Paul Travers
Analyst · Bradley Woods. Please proceed with your question
So, the M4000, which is the one with the optical see-through, will carry up. It's about a 2,499 price point. We haven't finalized that either, but that's what we're thinking right now. So, it's a significant rise in price. It'll do a lot of what the M400 can do. However, with the optical see-through display, sometimes it's not as handy to do remote support, in fact, it's not; it's probably not as good, because an occluded display is better there, but there's other applications where you're looking at stuff in the real world and you want the digital world to be overlaid on top of it and seeing it, so that you're not having to think about picture and picture kinds of things. So, if you think about looking into an occluded display, or even at a laptop, right, you look over at the laptop and then you decide what you're going to do based upon you're seeing there, and then you go back to the real world, and you're going to try to remember it.
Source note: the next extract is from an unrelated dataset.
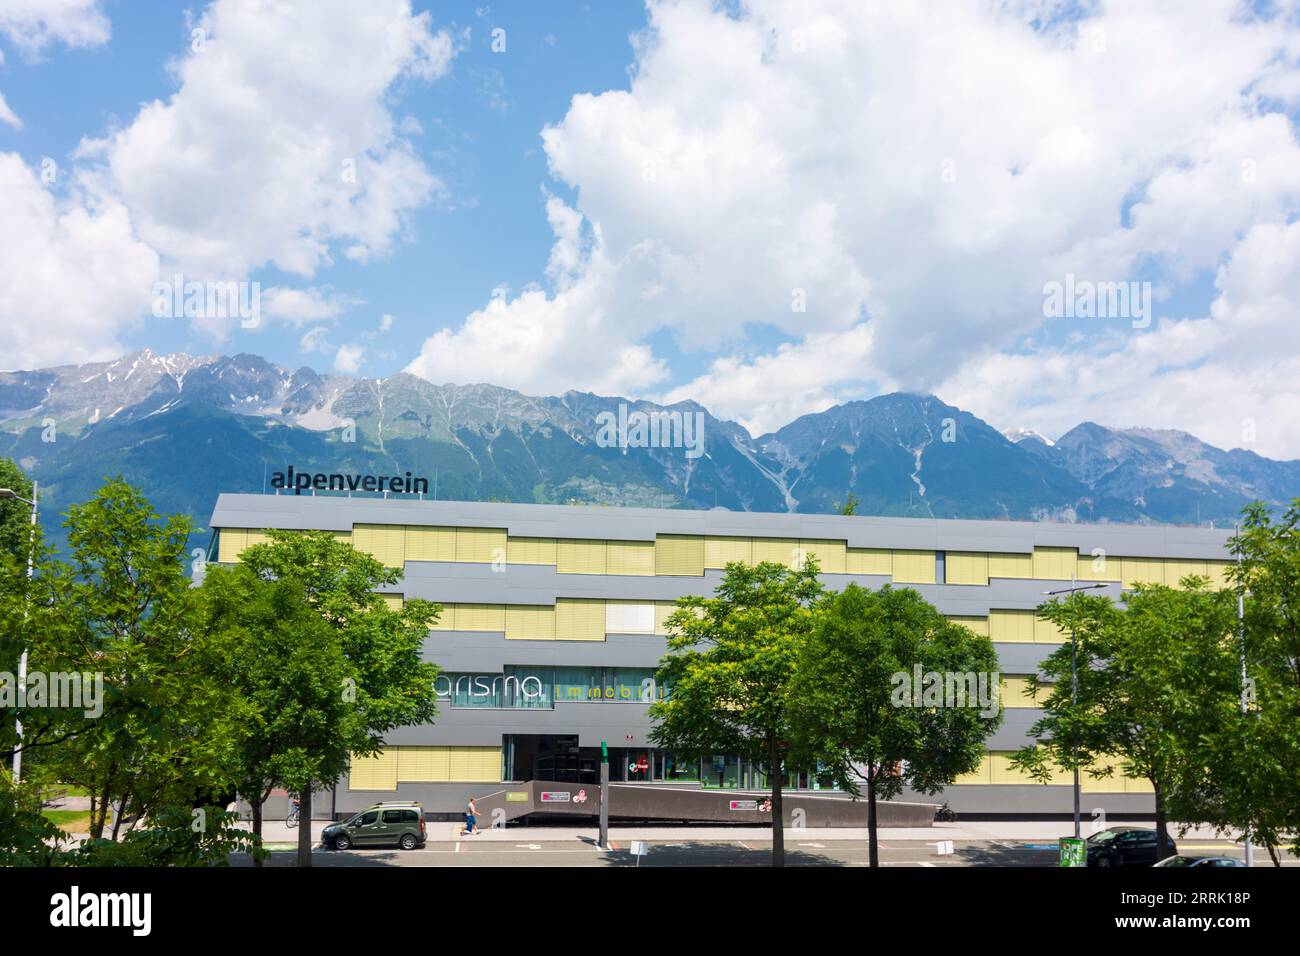 Innsbruck, edificio per uffici con sede ad Alpenverein Austria, montagne Nordkette nella regione di Innsbruck, Tirolo, Austria Foto Stock

Even though your eyes are just moving a little ways, that's what happens on an M400 today. The M4000, you'll look out in the real world, and the information will be floating out in front of you in the real world, and so, it makes it so that the odds of getting something wrong go down a fair bit, but it takes time to write software to do that kind of feature set, that AR kinds of advanced feature sets. So, out of the gate, the M4000 and the M400 we think are going to coexist very, very well together. There's going to be people that want to pay for that ability to get higher performance and more accuracy, and there'll be people that absolutely love the fact that what they're getting on an M400 with this super bright, beautiful display that's occluded, that allows you to able to read it well for remote support kinds of applications, they'll be more than happy with that. So, they'll coexist. There'll be a reasonably large difference in price between the two, and people will pick based on their needs, we think.